You can also do a **One-to-Many** RNN:
![](images/one-to-many.png)

This can be used for example in music generation! Or any type of sequence generation! They are a bit more complicated to compute using TensorFlow, but it is possible.

## IV.2. Bidirectional RNNs

Sometimes, you might want your RNN to read a sequence in both ways: from the beginning to the end, but also from the end to the beginning. In some cases, it can help it catch relationships between time steps that are in a way but not another.

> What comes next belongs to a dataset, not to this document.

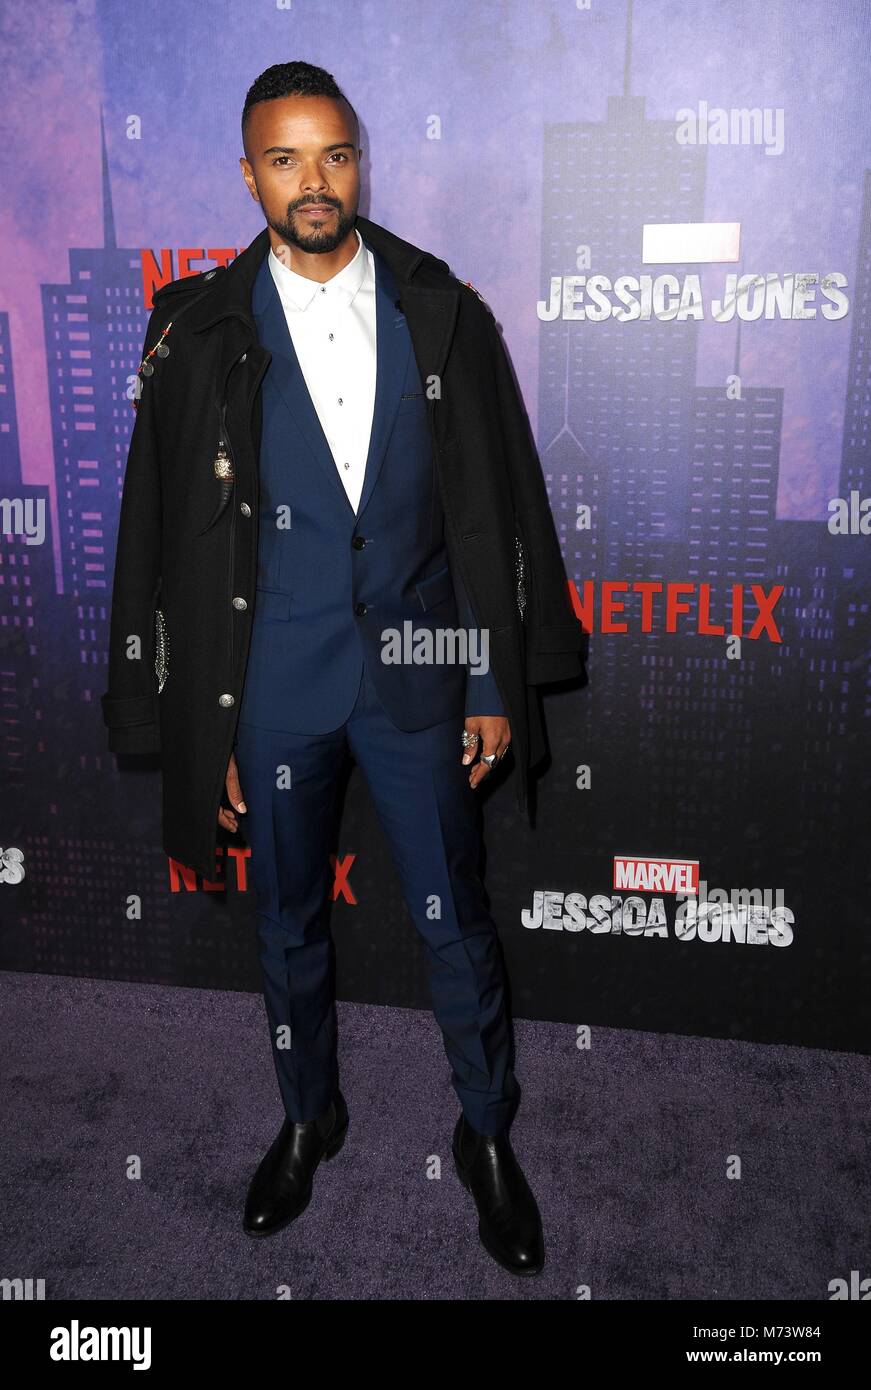 Eka Darville at arrivals for MARVEL’S JESSICA JONES Season 2 Premiere, AMC Loews Lincoln Square, New York, NY March 7, 2018. Photo By: Kristin Callahan/Everett Collection Stock Photo

This is fairly easy using TensorFlow to compute such a network:
```Python
from tensorflow.keras.models import Sequential

from tensorflow.keras.layers import LSTM, Bidirectional

model = Sequential()
model.add(Bidirectional(LSTM(units=16)))
```

See, really easy, and yet sometimes very powerful!

But warning, this multiplies by two the computation time!